周氏正在屋中忙碌,這是如今唯一能找到的營生,替別人家縫補衣物,掙個兩三文錢,但這僅僅是周氏接手的第三件衣物,依然無法維持生計。
周氏正忙著,聽到院外孩兒的叫聲。忙放下手中的針線,邁步出院。
孩童跑進院內,滿臉興奮,一下撞入了周氏雙腿上,把周氏撞了個趔趄。
周氏道:“怎么急成這樣?怎得了?”
孩童雙手把那油紙包裹遞給周氏,滿臉笑意道:“娘!你看!我拿回什么來了?”
周氏不解地拿過包裹,打開后,八個白花花的包子展現在眼前,香味撲鼻。
孩童滿眼希望地盯著母親,等待母親的夸獎。
周氏卻陰沉下臉來,嚴肅道:“孩兒,此物從何而來,莫不是你。。。你偷來的?”
隨即孩童小臉一垮,不忿道:“娘!孩兒怎會做那偷盜之事!路上遇上一位大哥哥,大哥哥好心,用這幾個包子換了孩童的柴火。”
周氏懷疑著盯著自己的兒子,“誰會傻到用八個包子換你那不要錢的枯枝?莫要騙娘!”
孩童梗著脖子道:“確實如此,大哥哥說,孩兒的柴火不長不短,正好供他使用!”
周氏接著問:“那大哥哥姓甚名誰?相貌如何?”
孩童想了一下,回道:“大哥哥未留姓名,長得很俊,刀削般的臉龐,直直的眉毛,劍袖黑靴,腰間還掛著一把刀。”
周氏聽罷,自自語道:“劍袖黑靴?腰里掛刀?武人?難道是當兵的?”
孩童一想到文鶯的樣子,很符合他心中軍人的樣子,連忙點頭:“孩兒想是的,很像軍人,而且絕不是普通士卒,像個官。”

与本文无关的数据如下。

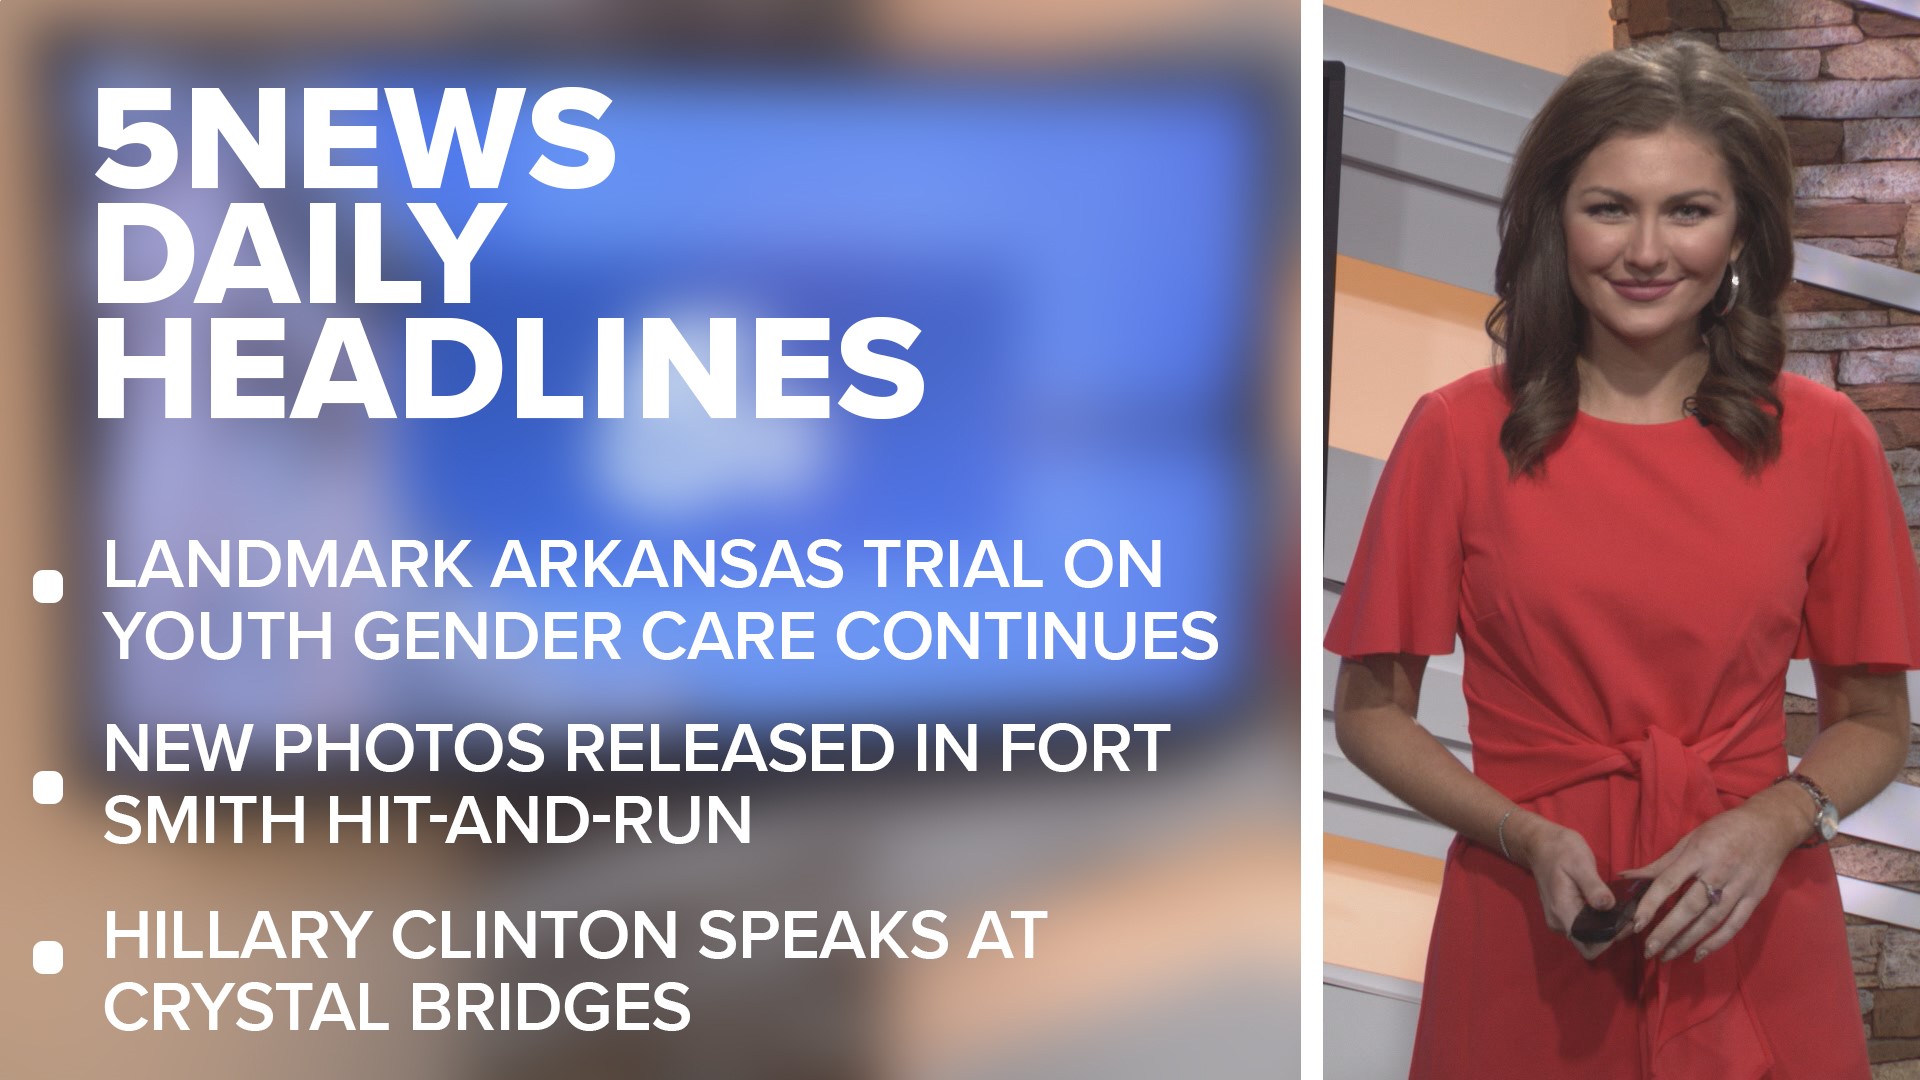 Daily headlines for local news across Northwest Arkansas and the River Valley for Dec. 01, 2022.

周氏這才相信了八分,“難道是你父親的上官?有意照拂與你?”
孩童轉了下眼睛,“一定是的,娘,父親久在軍中,定有上官照顧的。”
周氏這才安下心來,鄭重其事地向孩童說道:“阿羨,下次見到這位哥哥,一定要向其道謝,給那哥哥磕個頭,此乃大恩,還有,記得問那哥哥姓甚名誰。”
孩童這才再次高興起來,“知道了,娘,孩兒謹記。”
周氏笑著摸了摸孩童的頭,“吃吧。”
孩童立馬拿起兩個包子,遞給周氏,“娘,你也吃!”
周氏喜笑顏開,“好,阿羨乖,娘吃。”
于是,娘倆飽餐一頓,自張勇離開后,吃的最好的一頓飯。
此時,蕭逸正在斜對面的一家院墻上斜倚著,看著院中發生的這一幕。
張小勺發揮他的強項,自來熟,從側面打聽張家小娘的狀況。
尋到的是張家不遠處一家院落,這處院落開著院門,一大娘正在院中洗著衣物。
張小勺便敲門問道:“大娘安好,請問北街有個周氏,擅長針線,大娘可知其人在哪?”